この記事の概要
The AGA Guidelines of the Japanese Dermatological Association rate treatment recommendations for the treatment of AGA (male pattern baldness) on a 5-point scale. The recommended treatments include oral finasteride and dutasteride and topical minoxidil. These have been shown to be effective in the treatment of AGA and are rated at Recommendation Level A (strongly recommended). The guidelines also evaluate hair transplants and other treatment modalities.
A patient’s condition
In general, testosterone promotes bone and muscle development and thickens hair such as beard and chest hair. However, in the frontal and parietal regions of the head, testosterone-sensitive follicles induce a softening of the hair shaft. Testosterone transported to papilla cells in the beard, frontal and parietal areas is converted to more active dihydrotestosterone (DHT) by the action of type II 5α-reductase and binds to the receptors.
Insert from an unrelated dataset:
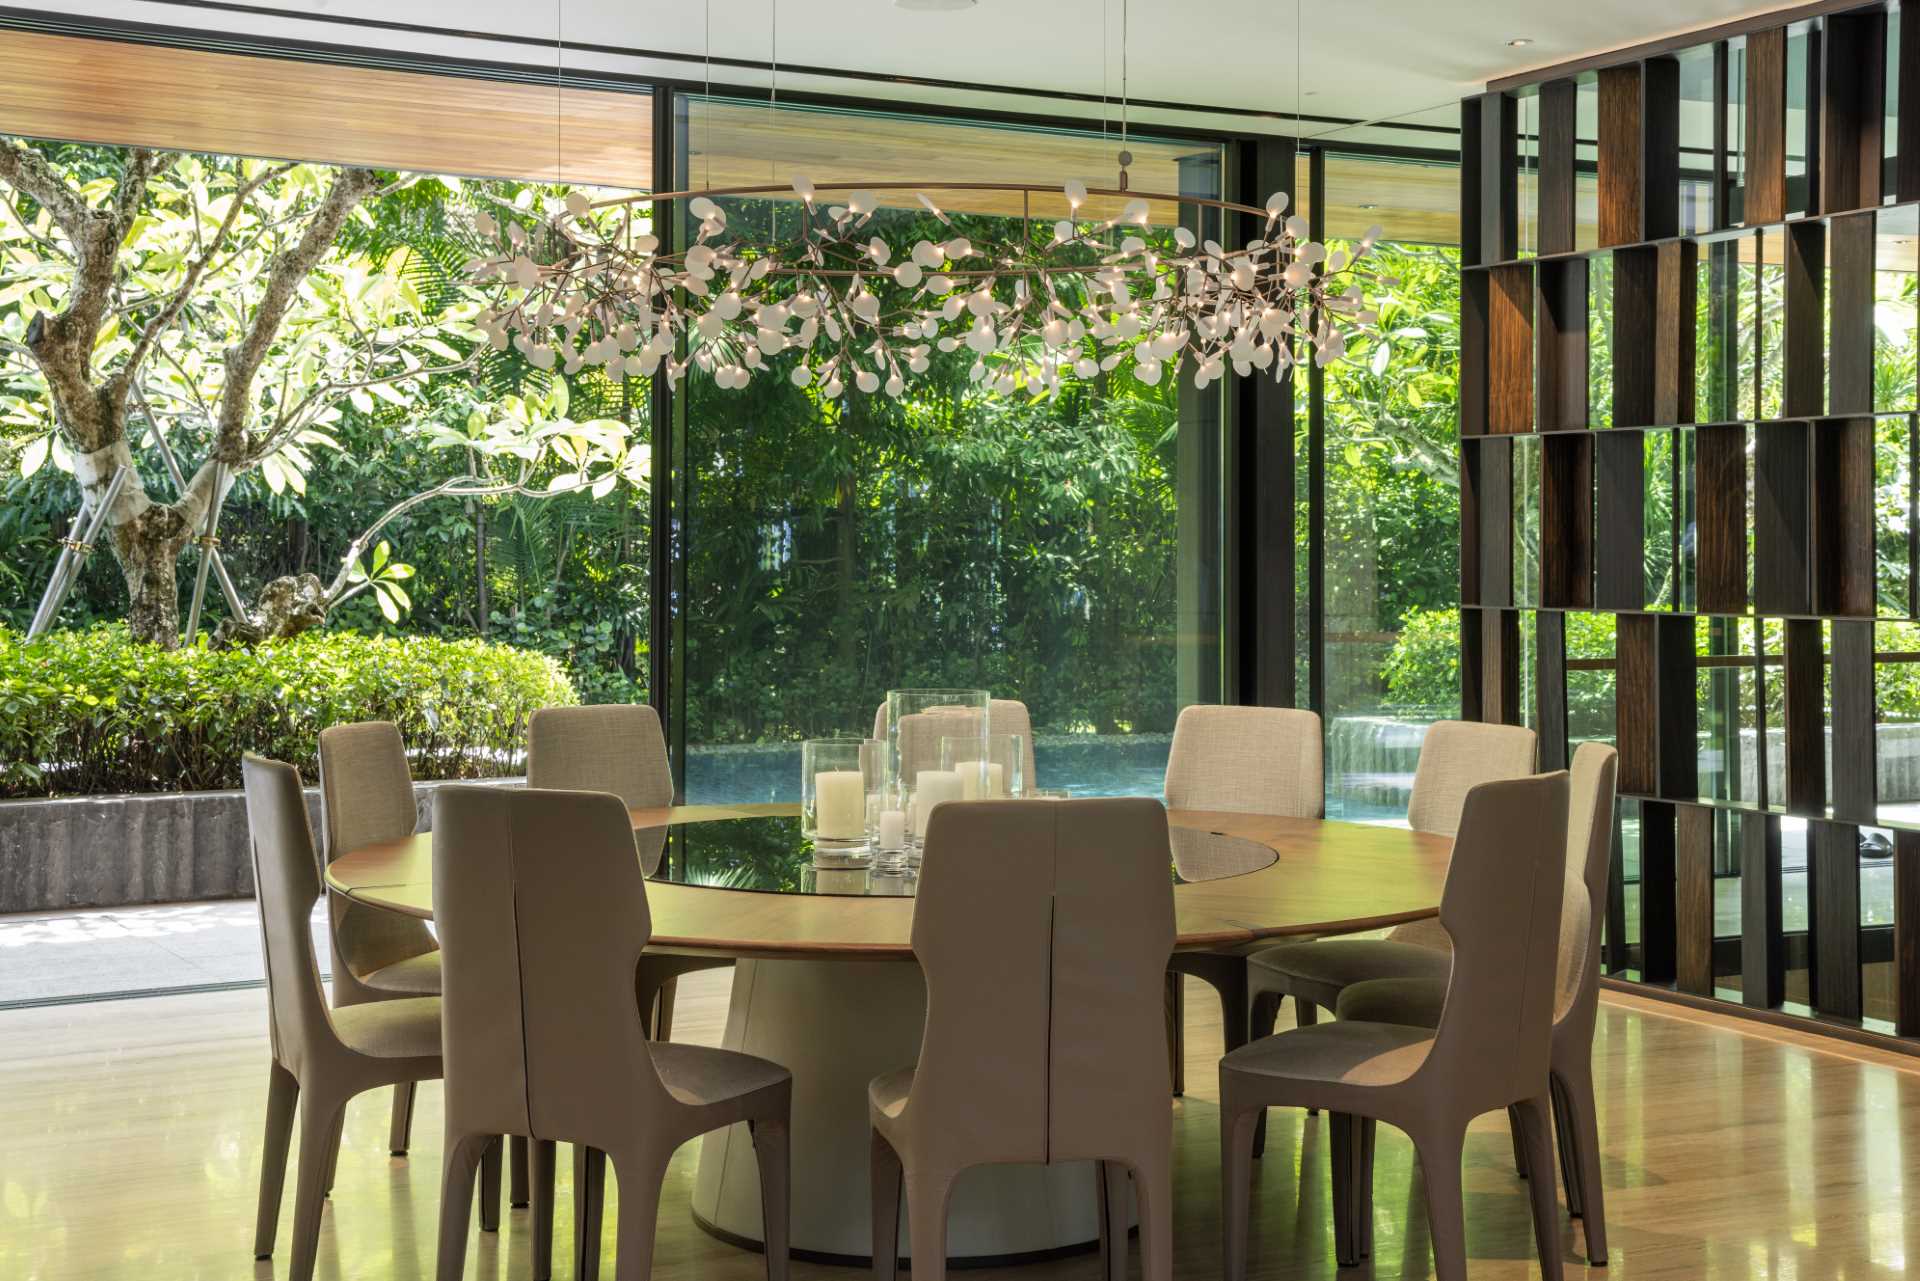 A modern dining room has gl، walls that open to the outdoors.

The DHT-bound testosterone receptors induce cell growth factors and other factors in the beard, which prolongs the growth period. On the other hand, in androgen-sensitive hair follicles in the frontal and parietal areas, DHT-bound testosterone receptors induce TGF-β and DKK1, which suppress the proliferation of hair matrix cells and shorten the growth period14) .
Diagnosis
The diagnosis of male pattern baldness is made by interviewing the patient’s family history and history of hair loss, and by visual examination, which reveals a receding forehead hairline and thinning and shortening of the hair on the frontal and parietal areas.The use of a magnifying glass or dermoscopy can also assist in the diagnosis. In Japan, male pattern baldness is classified according to Ogata’s classification9) and Norwood’s classification in Europe and the United States.4) In Japan, the Norwood’s classification plus Takashima’s classification of vertex II with thinning at the top of the head is widely used8) .Although the Ludwig classification is known as a classification for female pattern baldness, diagnostic criteria that take into account earlier diagnosis and differential diagnosis have been proposed15) 16) . The diagnosis of male pattern baldness is relatively easy; however, there are several types of alopecia areata, a subtype of alopecia areata in which hair falls out slowly and the entire head is sparse, and female pattern baldness, including chronic telogenetic alopecia, hair loss associated with systemic diseases such as collagen disease and chronic thyroiditis, anemia, rapid weight loss, and other wasting diseases, as well as hair loss due to treatment with hormone replacement therapy or drugs that are excluded from treatment. Hormone replacement therapy and drug-induced alopecia should be ruled out.
Medical treatment
The treatment of androgenetic alopecia in Japan is examined in the following Clinical Question (CQ) (see Table 1).As references, procedures and guidelines for the treatment of androgenetic alopecia published overseas are listed2)3)5)6) .
参考文献
・https://www.dermatol.or.jp/uploads/uploads/files/AGA_GL2017.pdf
・皮膚悪性腫瘍診療ガイドライン作成委員会:皮膚悪性腫瘍診療ガイドライン,日皮会誌,2007; 117: 1855―1925.
・Shapiro J, Price VH: Hair regrowth: therapeutic agents, Dermatol Clin, 1998; 16: 341―356.
・坪井良治:男性型脱毛症,日皮会誌,2008; 118: 163―170.
・板見 智:日本人成人男性における毛髪(男性型脱毛)に関する意識調査,日本医事新報,2004; 4209: 27―29.